Finch walked up the stairs to his apartment, holding the two books. Rath had tried to get him to stay longer. As if she didn’t want to be alone with what she’d found out. But he had to be alone with it.

Still at a loss. You could plod along for years thinking you were holding on, that you were doing okay. That you might even be doing a little good. Then something happened and you realized you didn’t understand anything. A sudden shuddering impulse for Sintra that he understood was reflexive. Wasn’t real. Was about forgetting. Even though he needed to remember.

The stairs seemed to go on forever. Like a throat swallowing him up.

Finch had shielded Rath from his confusion. Asked her to do more investigative work. Suggested there was a rational explanation. Even though he didn’t believe it. Even intimated he knew something he couldn’t share.

How long until Heretic knows? Maybe he already knows.

He came to the seventh floor. Saw that his apartment door was open a crack. Which drove Duncan Shriek from his mind and brought Stark back. Stark and Bosun. Unless it was Sintra?

Would she have left the door open?

Strange, how calm he felt. Had he played out the scenario of intruder in his mind too often to be surprised?

Finch placed the two books on the floor. Took out his Lewden Special and released the safety. Nudged the door wider. Saw the gray and black silhouettes of his living room furniture, the kitchen beyond, and the window directly ahead of him. A hazy green-white light came from outside.

No one there.

No sign of anyone having been there.

Maybe they’d already left.

Maybe he’d forgotten to close the door. Not likely.

Slowly, Finch entered, sighting along the gun’s barrel. Still felt like ice water ran through his veins. Saw even the darkness in preternatural detail.

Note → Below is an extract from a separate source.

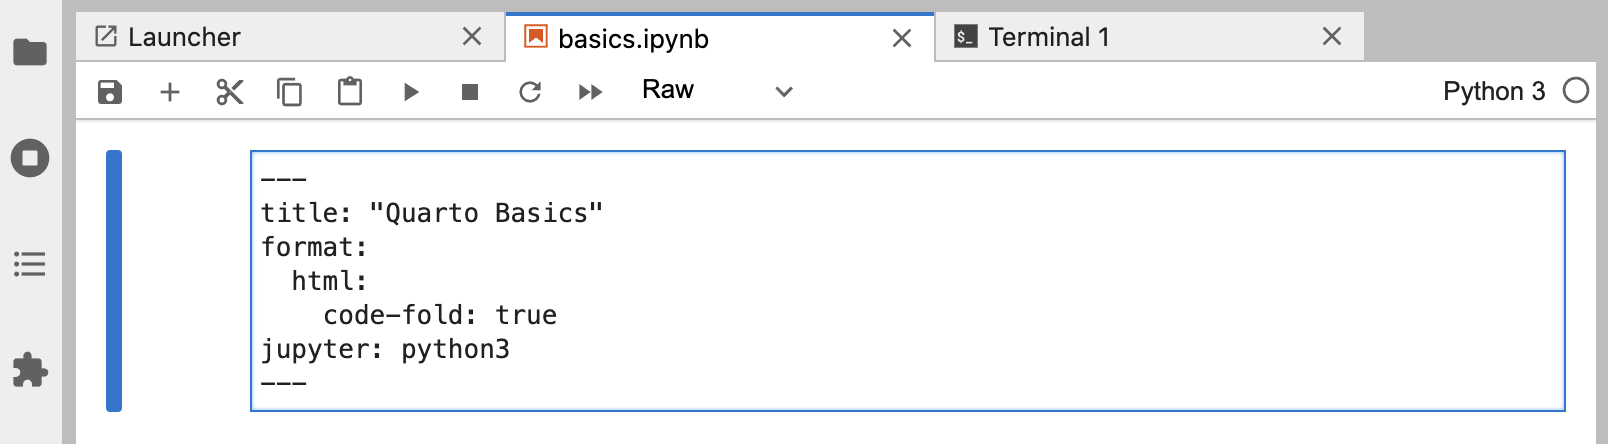 YAML of the notebook with the fields title, format, and jupyter. Title is set to Quarto Basics with title: "Quarto Basics". Format is defined as html in the next line, and within the html format, code-fold is set to true. Jupyter is set to python3 with jupyter: python3.

Stood to the left of the window. In the shadow of bookcases. Listening. Heard someone breathing in the next room. Someone moving around. What if it is Sintra?

Decided to wait there. Let whoever it was come out into the living room. Now, finally, his heart pounded. Images of mistakes flashed through his head. Of Sintra with a bullet hole through her forehead. Or Wyte.

The bedroom door opened. Out came a shadow. Finch couldn’t see the face. Couldn’t see a weapon, either.

“I’ve got a gun. Stay where you are, or I’ll shoot,” Finch said.

The shadow stopped, quick glance toward him. Then ran for the window.